- _WHAT TO DO_
All of the data that follows is to be printed exactly, without pictures.

- _RECORDED DATA_
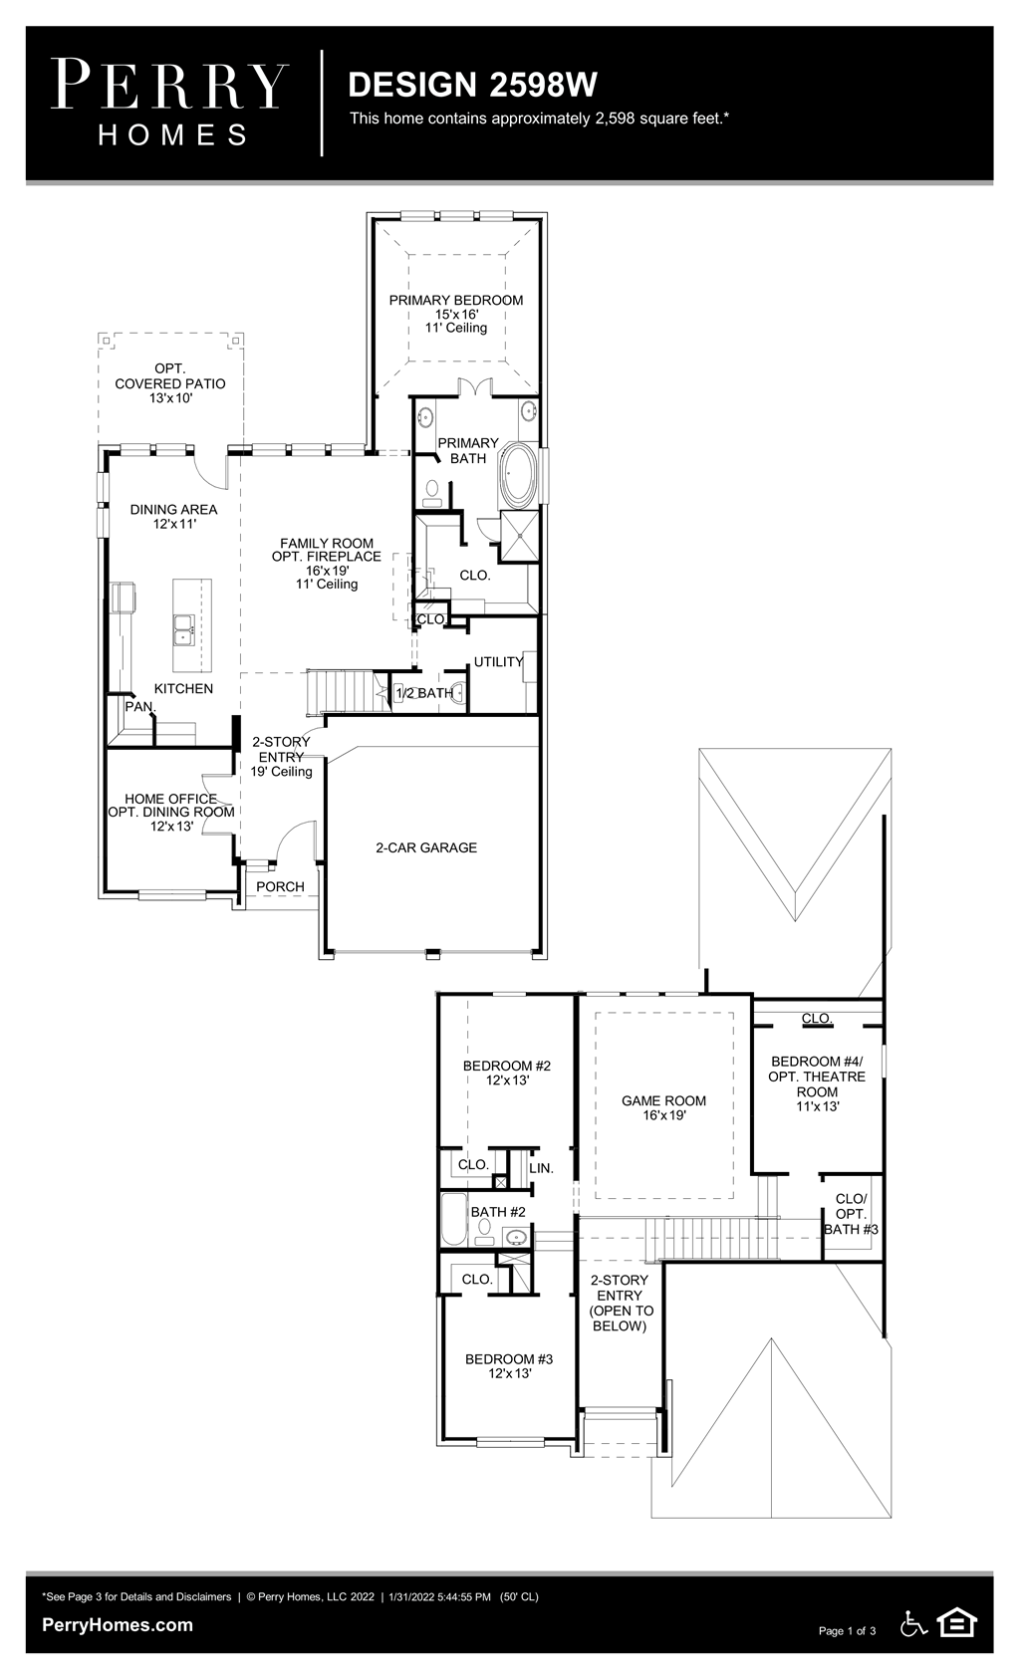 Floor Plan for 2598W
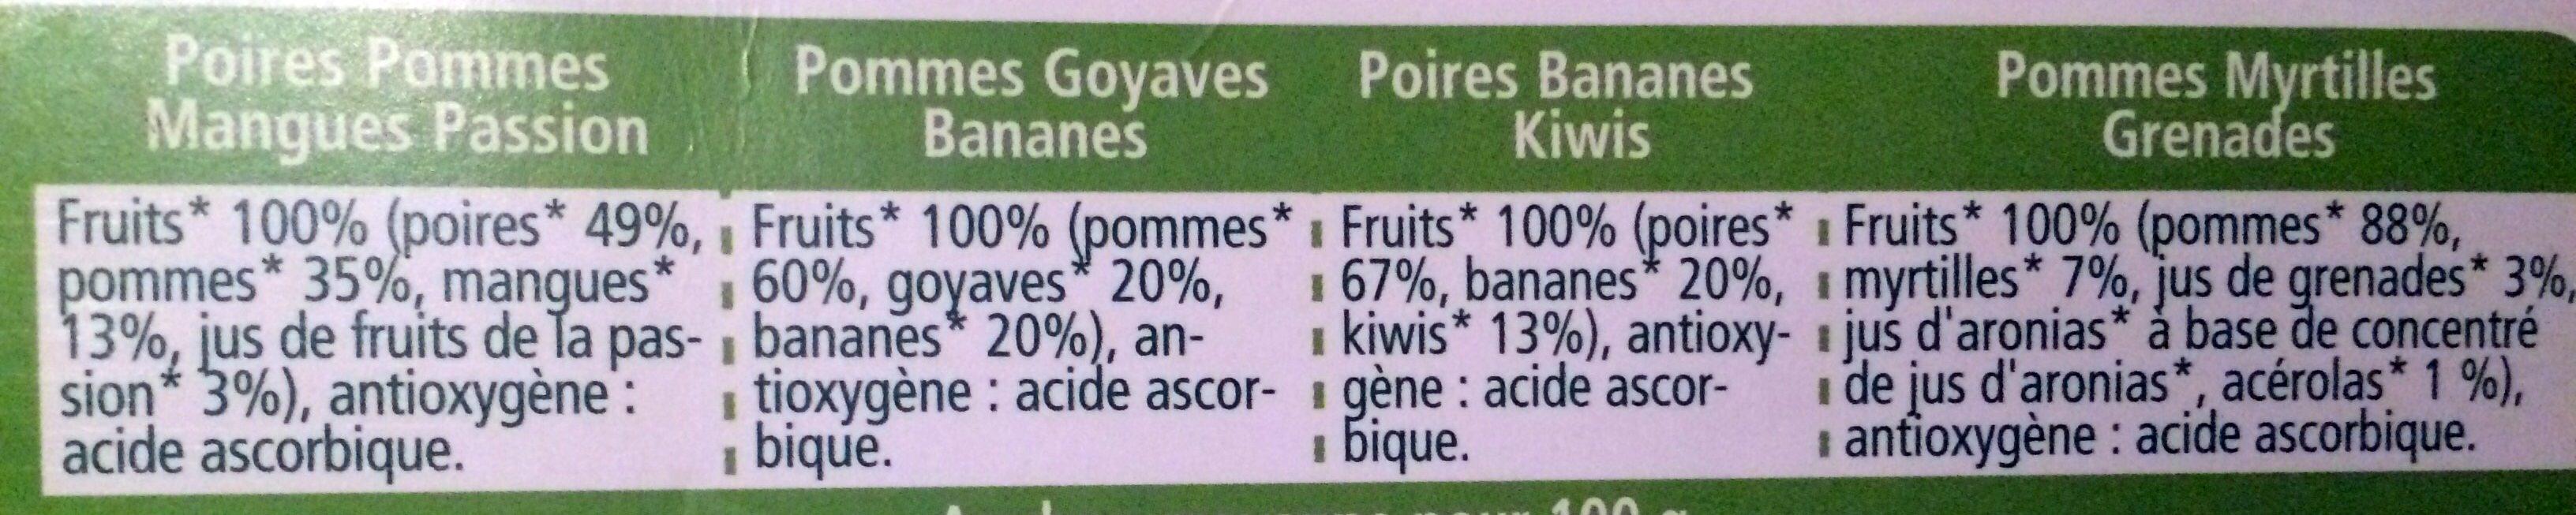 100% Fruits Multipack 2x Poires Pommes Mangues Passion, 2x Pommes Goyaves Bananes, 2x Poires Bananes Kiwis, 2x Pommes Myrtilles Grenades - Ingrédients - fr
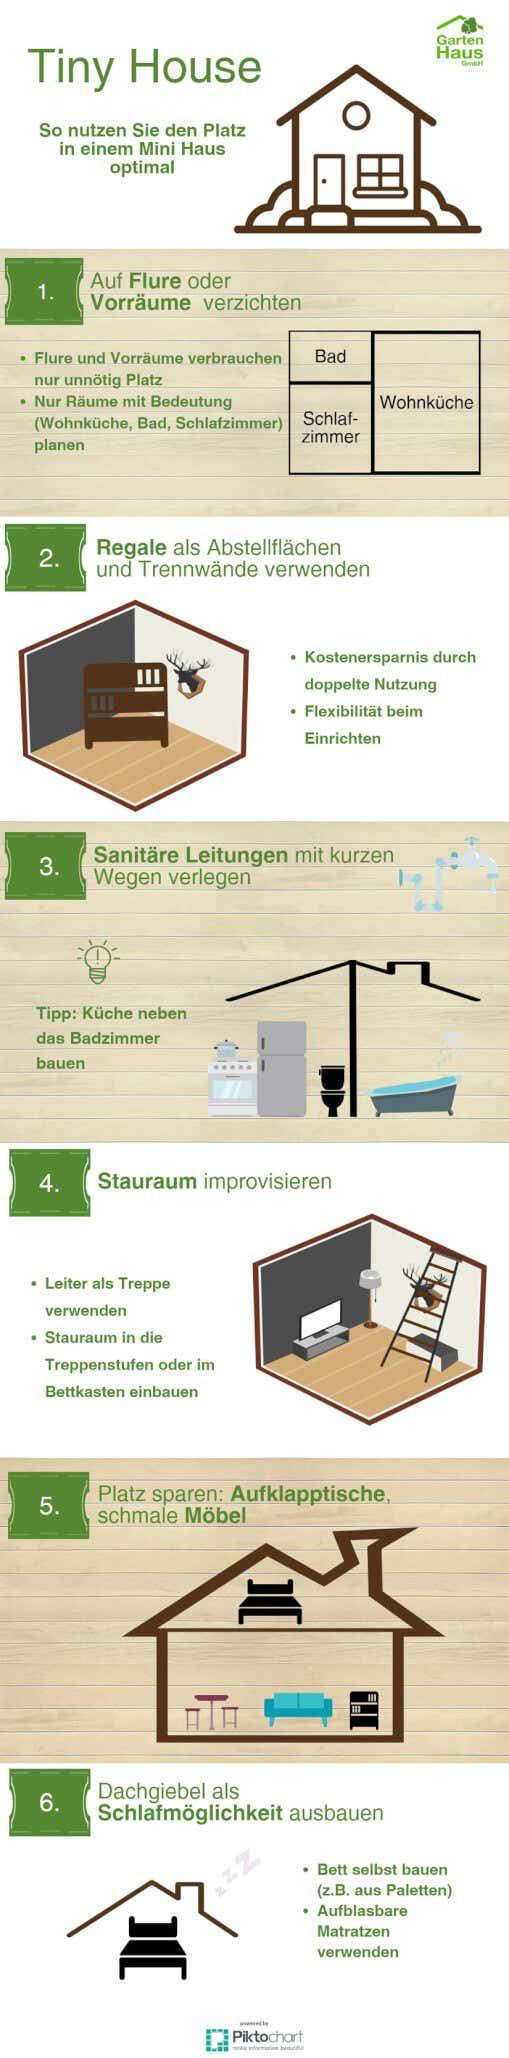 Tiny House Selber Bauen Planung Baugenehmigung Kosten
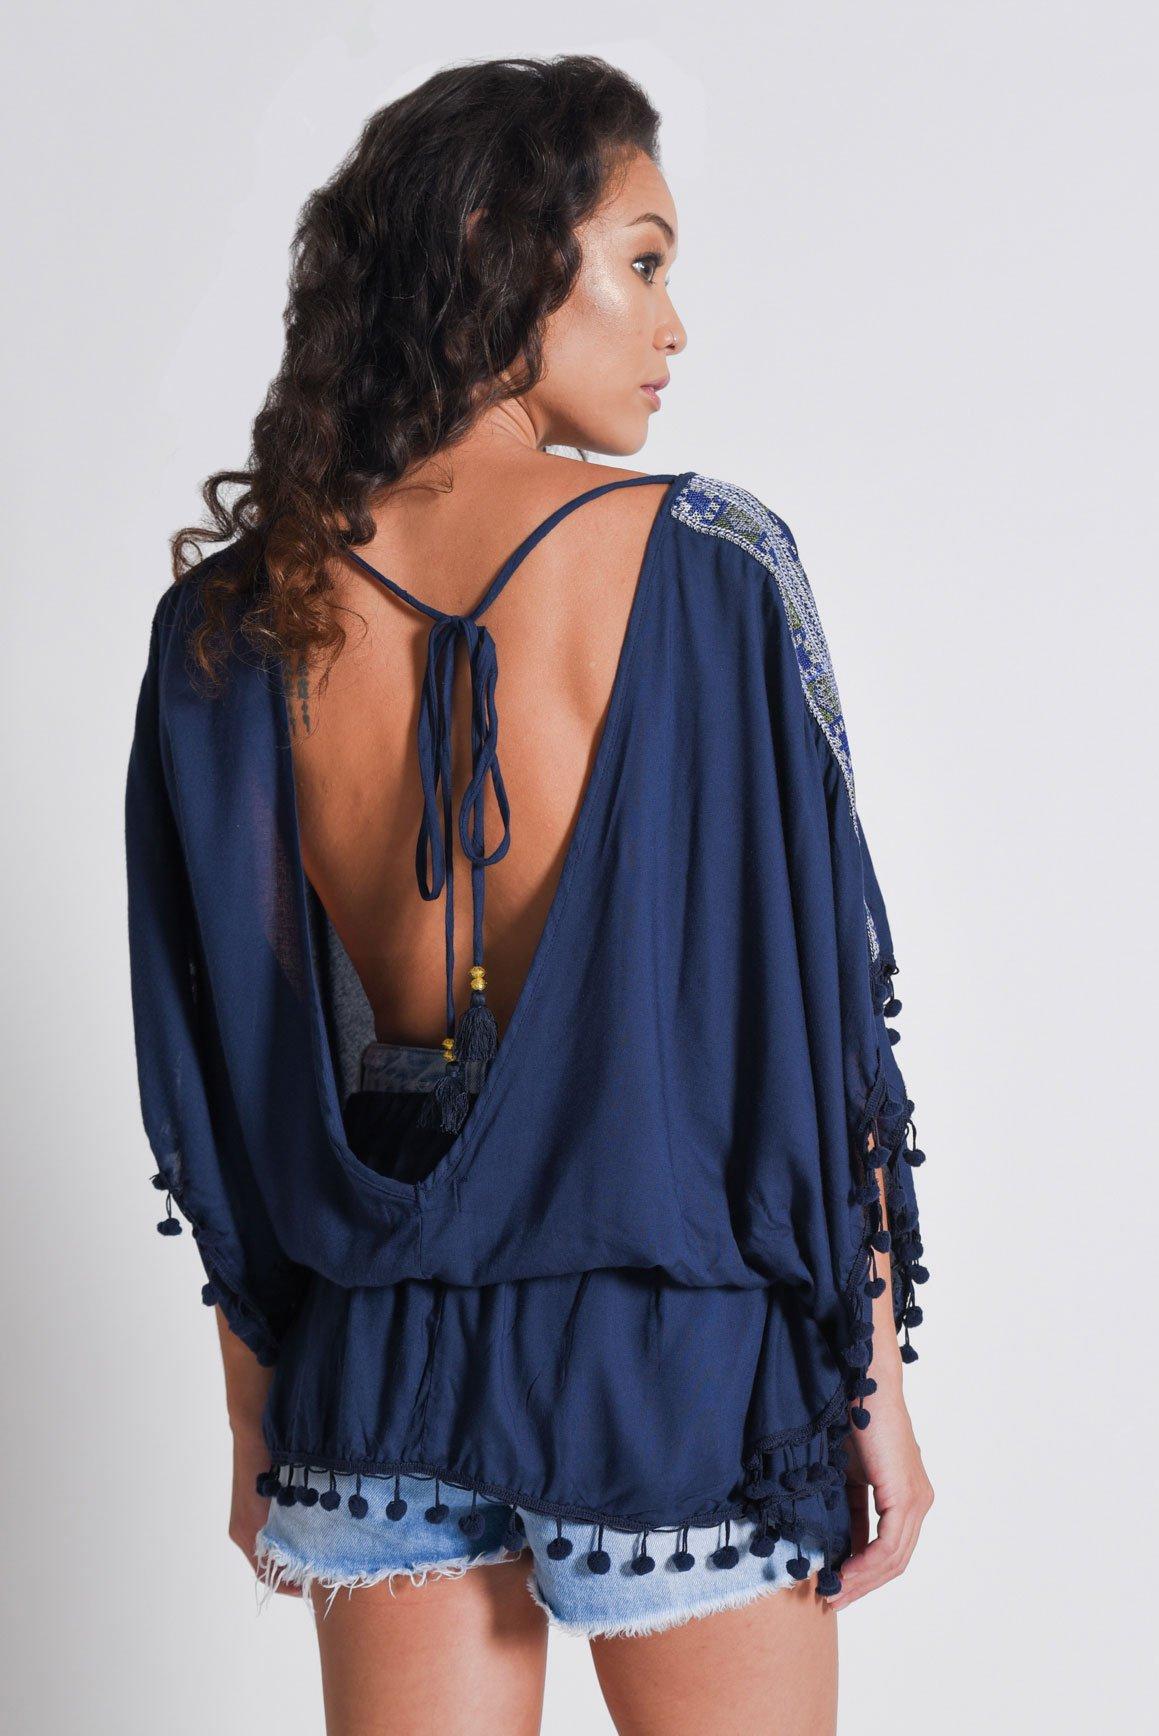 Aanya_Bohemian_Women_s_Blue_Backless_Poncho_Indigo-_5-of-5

- _SOLUTION TO THIS TASK_
 Floor Plan for 2598W
 100% Fruits Multipack 2x Poires Pommes Mangues Passion, 2x Pommes Goyaves Bananes, 2x Poires Bananes Kiwis, 2x Pommes Myrtilles Grenades - Ingrédients - fr
 Tiny House Selber Bauen Planung Baugenehmigung Kosten
 Aanya_Bohemian_Women_s_Blue_Backless_Poncho_Indigo-_5-of-5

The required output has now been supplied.